Faces de Eva. Estudos sobre a Mulher  no.52 Lisboa dez. 2024  Epub 27-Maio-2025

https://doi.org/10.34619/jqjr-tjww 

Pioneira

Through England on a Side Saddle: Celia Fiennes (1662-1741)

iUniversidade NOVA de Lisboa, Faculdade de Ciências Sociais e Humanas, Centro de Estudos Ingleses de Tradução e Anglo-Portugueses (CETAPS), 1070-312 Lisboa, Portugal.
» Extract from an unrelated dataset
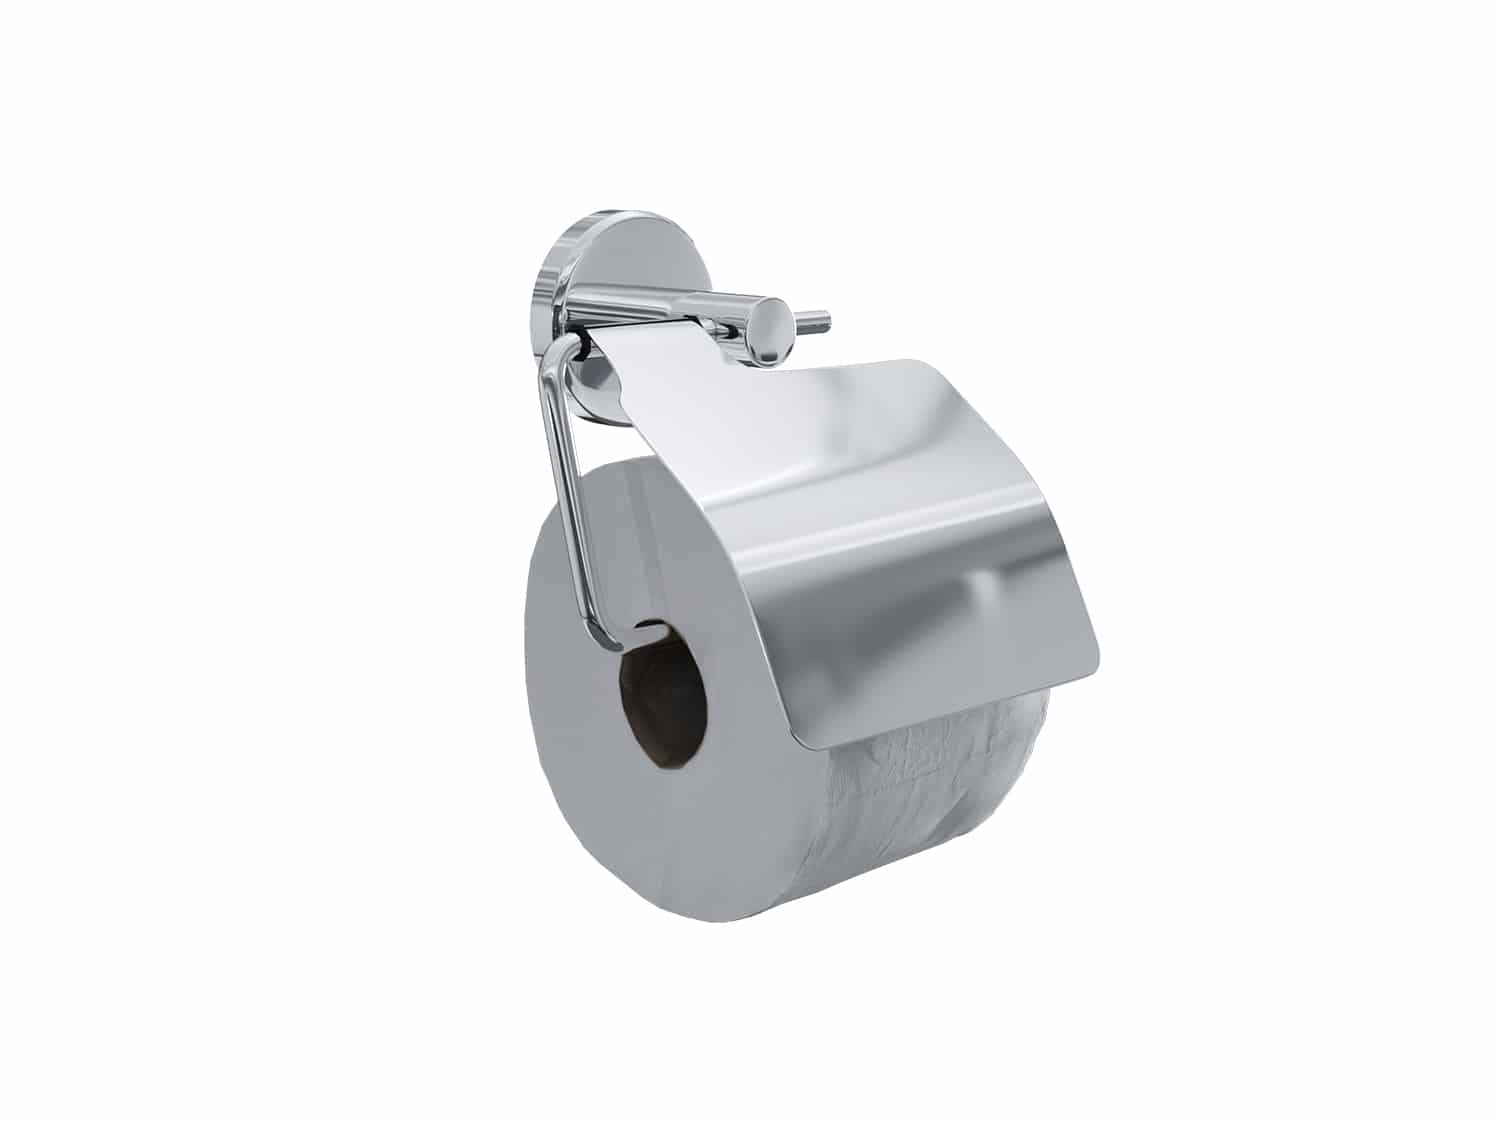 4bathroomz® Oslo Toiletrolhouder met Klep - WC rolhouder - Chroom

Email: miguel.alarcao@fcsh.unl.pt


**Foto: Marco de Celia Fiennes, em No Man’s Heath, Cheshire RHaworth, CC BY-SA 3.0, via Wikimedia Commons.
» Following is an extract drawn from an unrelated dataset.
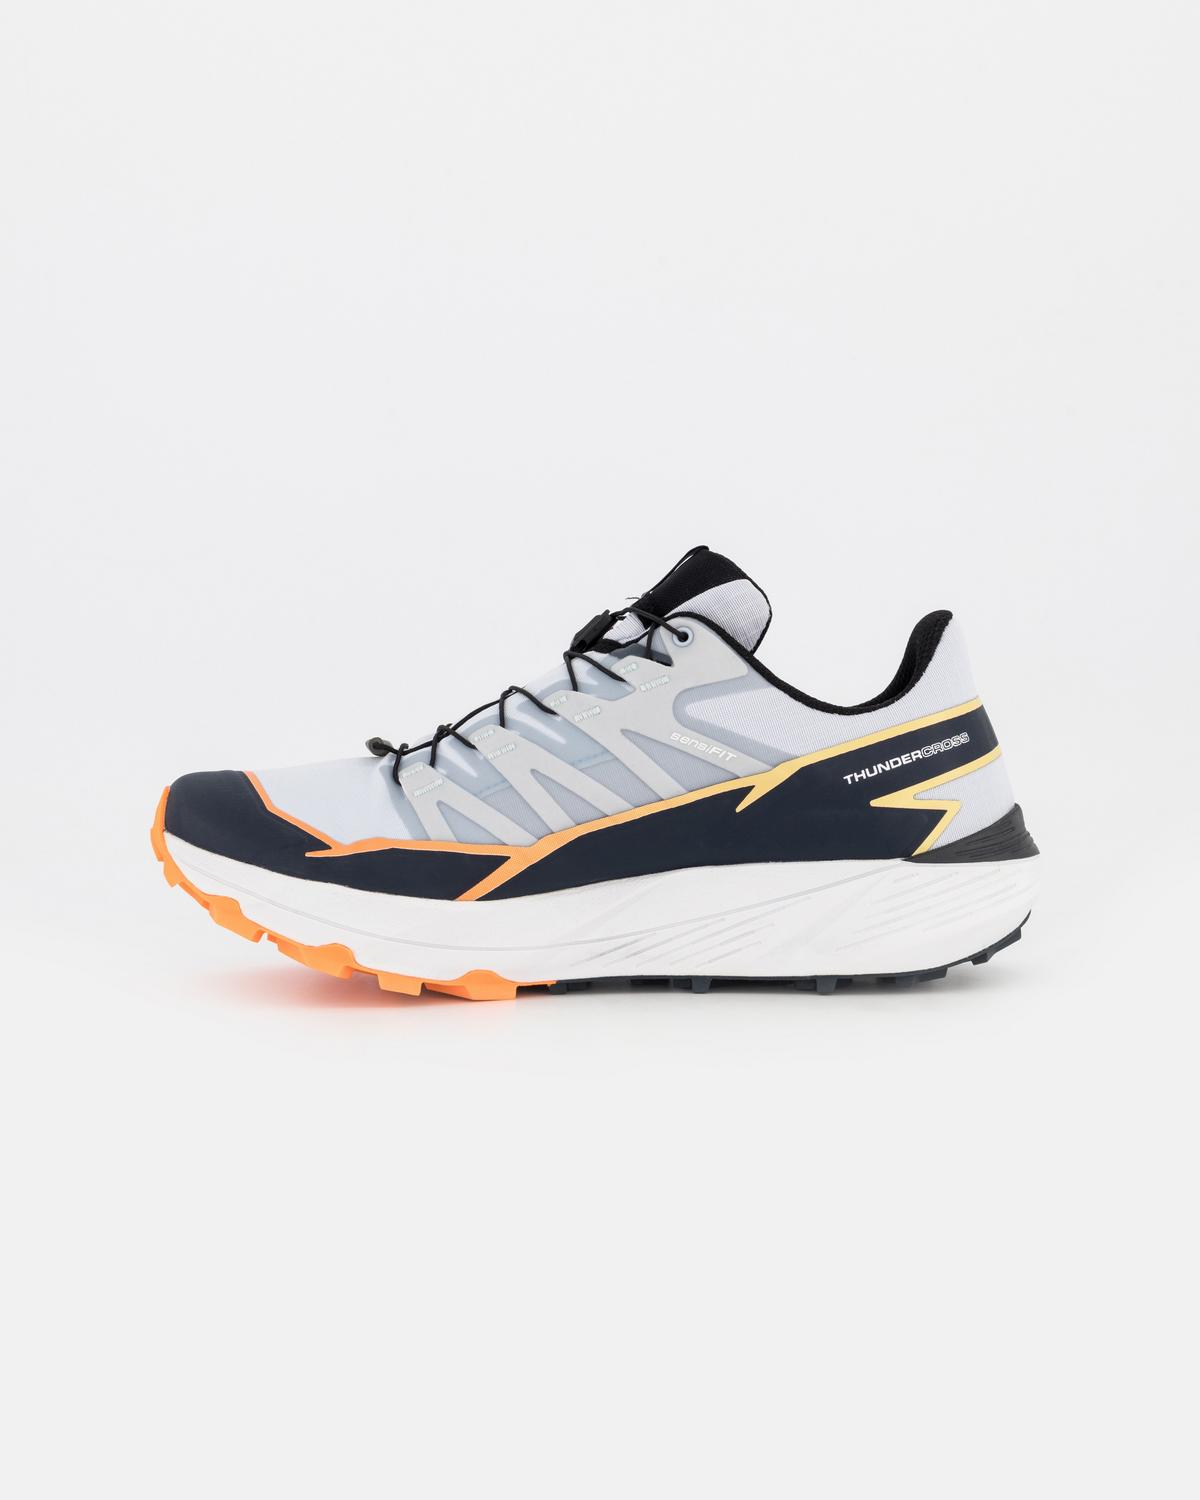 Salomon Men's Thundercross Trail Running Shoes -  lightgrey
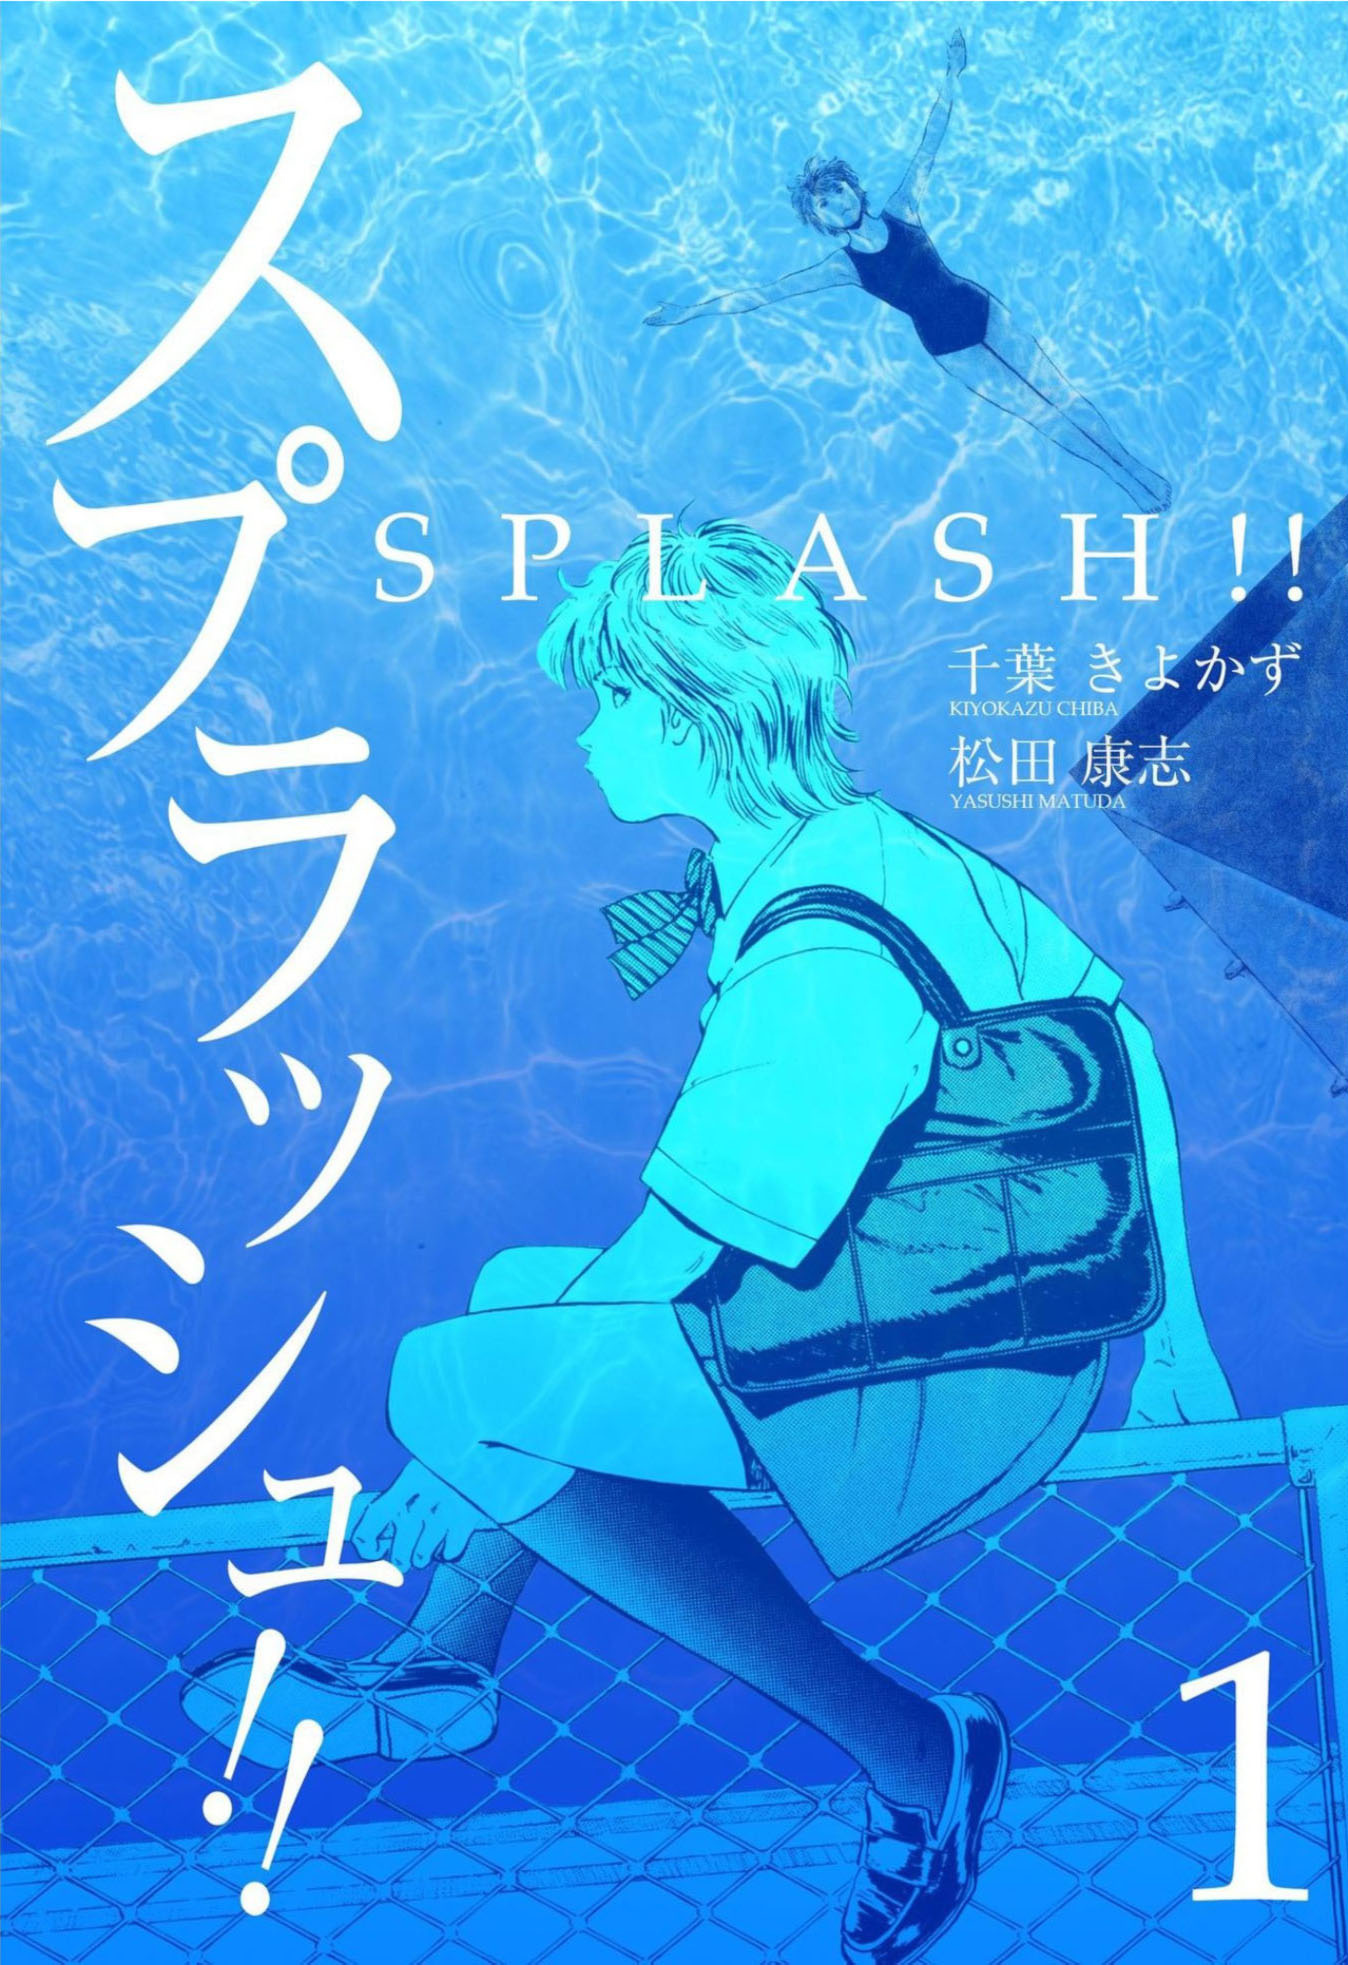 Splash!!

To Cláudia Coimbra (CETAPS)

Born in Newton Toney, Wiltshire, Celia Fiennes (Figure 1) was the granddaughter of the 1st Viscount of Say and Seale, and the daughter of a Puritan colonel who had served in Cromwell’s army; not surprisingly, her Nonconformist education shines through her frequent remarks on “Popery”. Celia never married, and her spinsterhood, together with her social status, granted her an assertive sense of independence, not least of mind.

Our review will dwell on the narrative of her travels through England and Wales, especially those of 1697 and 1698, in the reign of William III and Mary II (1689-1702). These journeys were carried out, in her own words, “to regain my health by variety and change of aire and exercise” (Fiennes, 2016, p. 5), although she seems to have been a remarkably energetic lady. As to the text itself, it was published posthumously, in 1888, by Emily W. Griffiths, a distant relative of Celia’s, to whom “The account (…) may prove interesting, as shewing the manners and customs of those times (…). There being little literature of this kind and period (…), Celia Fiennes’s diary almost takes the position and value of an historical document” (Fiennes, 2016, p. 3).

Let me start by suggesting the viewing of a short video (BBC, 2012): https://www.youtube.com/watch?v=f32pAm_7Aik.

Although written in late Stuart, not early Hannoverian, England, Celia Fiennes’s book can be compared with Daniel Defoe’s A Tour through the Whole Island of Great Britain (1724-1726), as suggested by Bohls and Duncan1 and Pat Rogers2; they are also associated, and contrasted in Moir (2014, pp. 35-46)3. Defoe’s journeys to Scotland, unvisited by Celia, may be due to the Anglo-Scottish Act of Union (1707), but the attention paid by both authors to trade, manufactures, and economic progress, wrapped up in patriotic feelings, is quite similar:

(…) if all persons, both Ladies, much more Gentlemen, would spend some of their tyme in Journeys to visit their native Land, and be curious to Inform themselves and make observations of the pleasant prospects, good buildings, different produces and manufactures of each place, with the variety of sports and recreations they are adapt to (…), it would also fform such an Idea of England, add much to its Glory and Esteem in our minds and cure the evil Itch of overvalueing fforeign parts; (…). (Fiennes, 2016, p. 5)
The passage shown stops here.